The use of social deictics like pronouns, forms of address, or names, is one way speakers align themselves to the cultural context as they understand it. Changes in intonation and pronunciation can also indicate changes in our perception of the role as a participant in an interaction, and in our alignment to others. Goffman calls such a positioning as footing, i.e. the stance we take up to ourselves and to the others present as expressed in the way we manage the production or reception of utterances. A change in footing is usually marked by a change in register, tone of voice or bodily orientation. For example, it is frequently the case in the USA that a Northerner talking to a Southerner instinctively aligns his/her way of talking on that of the Southerner, as a sign of conversational co-operation; similarly, a native speaker who starts adopting a style of speaking called “foreigner talk” when talking to a foreigner, shows a convergence that can be interpreted either as cultural solidarity or as the display of cultural power. We can see the same phenomenon occurring in classrooms. A teacher talks differently to her pupils when she addresses them as a class or as individual children. (1. Now listen everybody. 2. At ten o’clock we’ll have assembly. We’ll all go out together and go to the auditorium and sit in the first two rows. Mr. Dock, the principal, is going to speak to us. When he comes in, sit quietly and listen carefully. 3. Don’t wiggle your legs. Pay attention to what I’m saying). Mind the switch in tone and in the use of pronouns. Three different footings are involved here: the first statement is a claim on the children’s immediate behavior, the second is a review of experience to come, and the third a side remark to a particular child. The teacher, as a speaker, switches roles from being a principal (institutional voice) to being an animator of her students’ voices (we), to becoming an individual demanding to be listened to.
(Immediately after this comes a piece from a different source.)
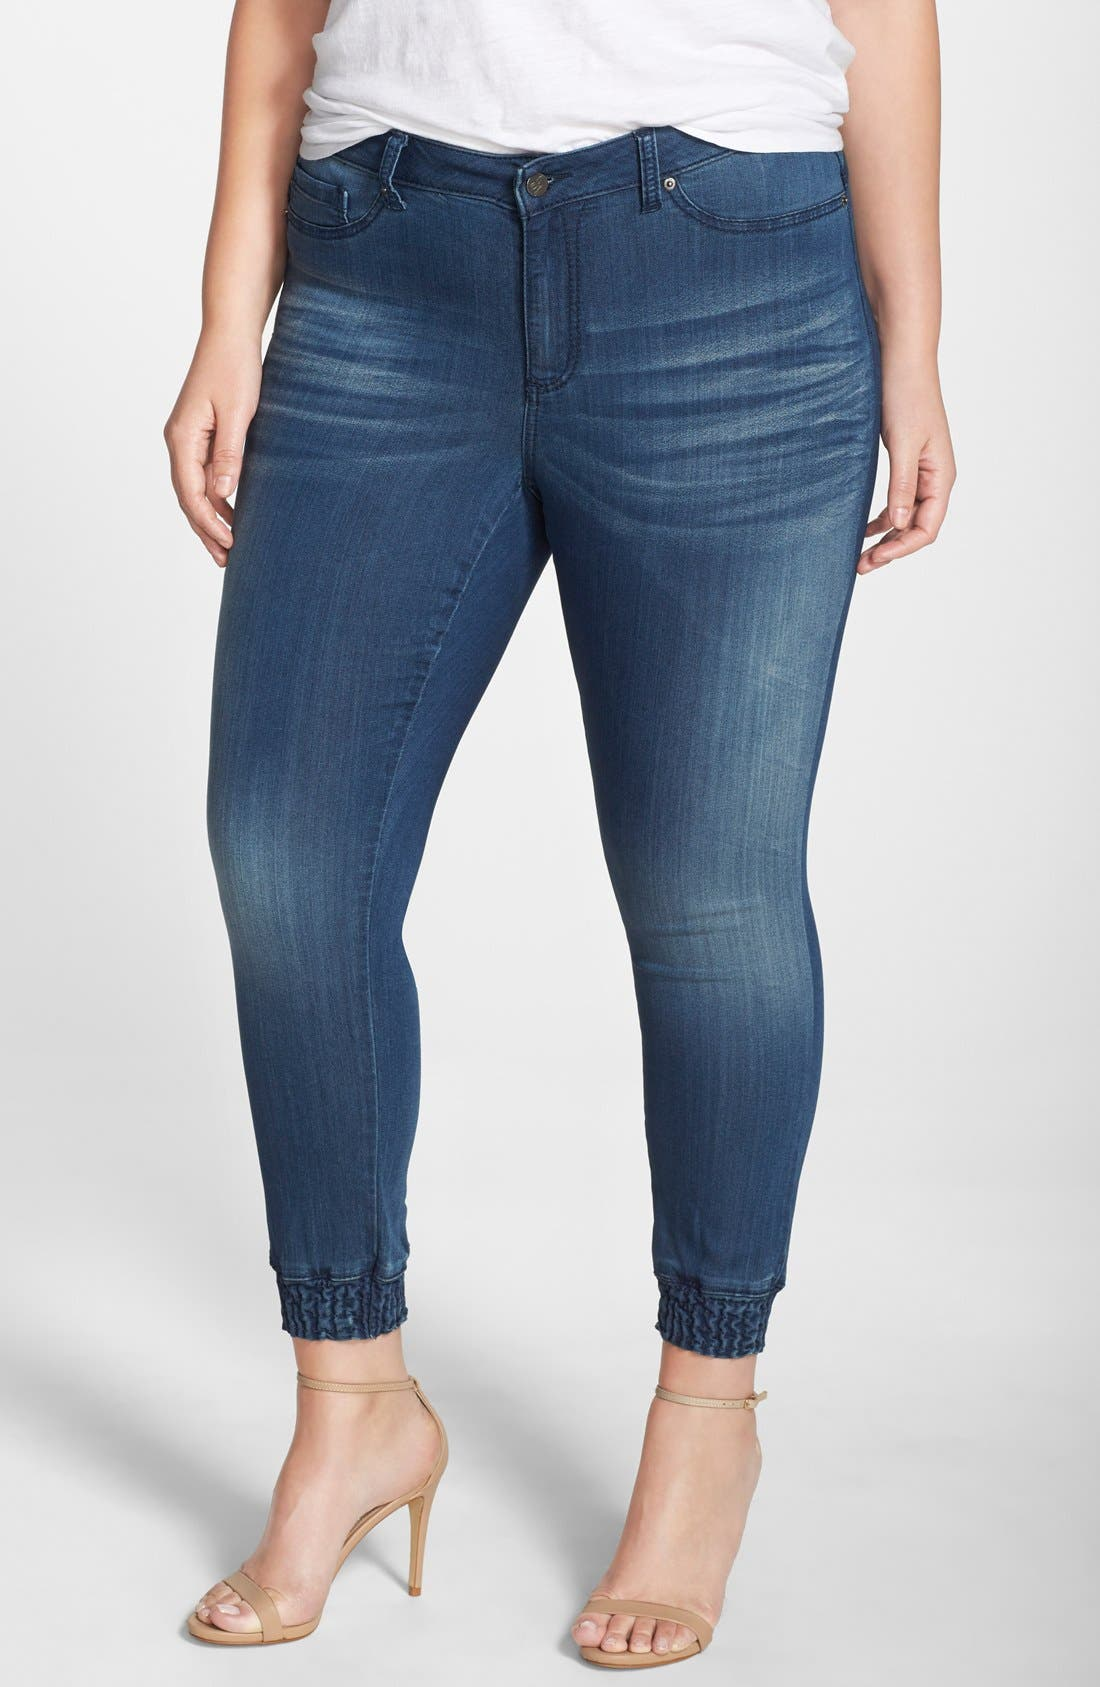 POETIC JUSTICE 'Suzzie' Stretch Knit Denim Crop Jeans

Defining one’s footing can be achieved through code-switching. It is a verbal strategy by which bilingual or bidialectal speakers change linguistic code within the same speech event as a sign of cultural solidarity or distance, and as an act of identity. (Tolstoy)

Changes in footing correspond to a change in the way we perceive events and are connected with a change in our frame for events. (Framing is an ability to apply a frame of interpretation to an utterance or speech event through a contextualization cue).

E.g. Discussions in the groups of American and Japanese students.

The American students perpetuate a discussion style typical of American academic culture, in which a problem posed at the outset gets tackled without further ado by whoever takes the initiative to start the discussion. The Japanese speakers negotiate not only the procedural aspects of the subsequent discussion, but also a hierarchical order within the group. The question of who speaks first is, in Japanese culture, of paramount importance. In all the Japanese group discussions, a female member started, followed by the other female member, than by the younger male member, and last by the oldest male member.